More than 1,500 women from 91 countries will descend on Ottawa from July 3 to 7 for the 30th annual conference. This year’s theme is Inclusions, Exclusions and Seclusions: Living in a Globalized World.
The philosophy behind the conference is to mesh together three priorities: recognizing aboriginal women and indigenous women around the world, facilitating intergenerational dialogue, and making the event accessible to women with disabilities.
Caroline Andrew is director of the Centre of Governance and a professor in the School of Political Studies at the University of Ottawa. She is also the co-chair of this year’s forum.
“Not to say that these are the only intersections that we are preoccupied with, but we thought that these were really important ones and that they illustrated our preoccupation with trying to fully recognize the diversity of women,” she says.
The conference consists of presentations, workshops, forums and plenary discussions.
“Women’s World is offering a public space, a public forum for discussion and debate on the whole range of issues,” says Andrew. “We know there will be some issues on which there will be strong debate, and what we see ourselves as doing is offering a platform.”
According to Andrew, the guiding principle behind the plenaries was to get people from different sectors – frontline service providers, community advocates, policymakers and academics – to talk to each other.
“The plenaries are to bring people from very different sectors, from very different geographical places, from different language groups, respecting the idea of breaking barriers, breaking cycles, breaking ceilings,” she says.

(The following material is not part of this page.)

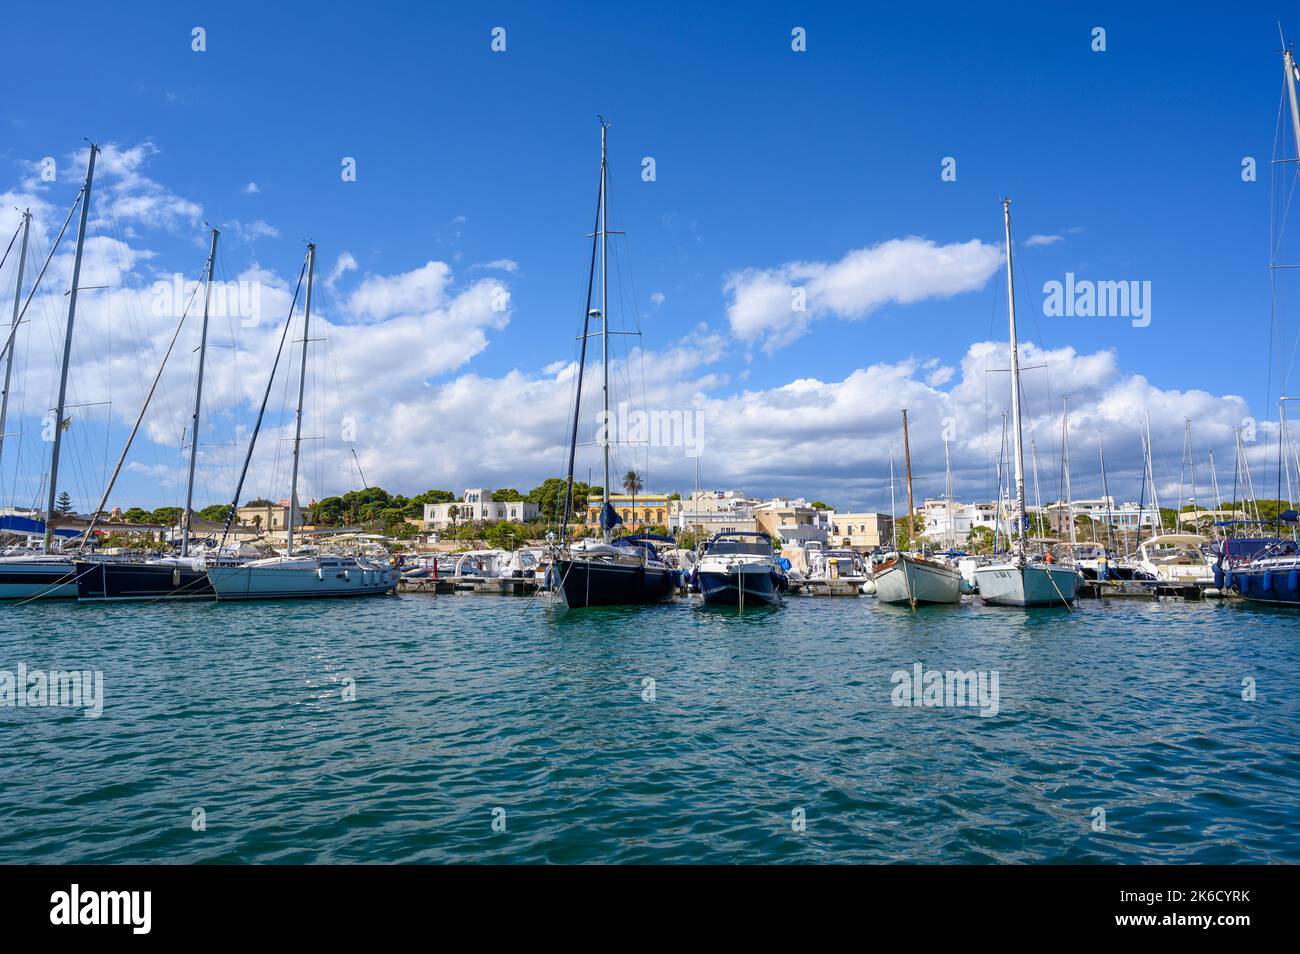 St Maria di Leuca Freizeit Bootshafen mit Uferhäusern im Hintergrund. Apulien (Apulien), Italien. Stockfoto

The first day’s theme is Breaking Cycles, addresses the ways in which women are working to combat cycles of oppression in a globalized world. Day two’s theme, Breaking Ceilings, tackles strategies for breaking through economic, political and educational limitations placed on women’s careers.
Breaking Barriers, on day three, looks at how globalization divides women. The final day’s theme, Breaking Grounds, acknowledges the importance of information exchange between women around the world.
Andrew says it was a deliberate choice to end with Breaking Grounds.
“The idea was that we wanted the analysis of the impact of globalization, but we also wanted to highlight things that had been going on around the world on the ground,” she says. “We wanted the movement of the conference to end on a positive “keep going” mood.”
Andrew is conscious of the fact that the conference is being held in Canada and that 50 percent of the participants are from different parts of the country. She feels that for many of the participants who work at the community level the conference offers the opportunity to meet people they would never meet otherwise.
Bearing that in mind, what Andrew herself wants out of the conference is simple.
“My dream of a totally successful conference is that an enormous number of people come away with two or three emails [addresses],” says Andrew. “The connection that people here are realizing that they are part of a whole bunch of movements going on around the world and that there are mutual things that we can learn from one another – I think that would be really powerful.”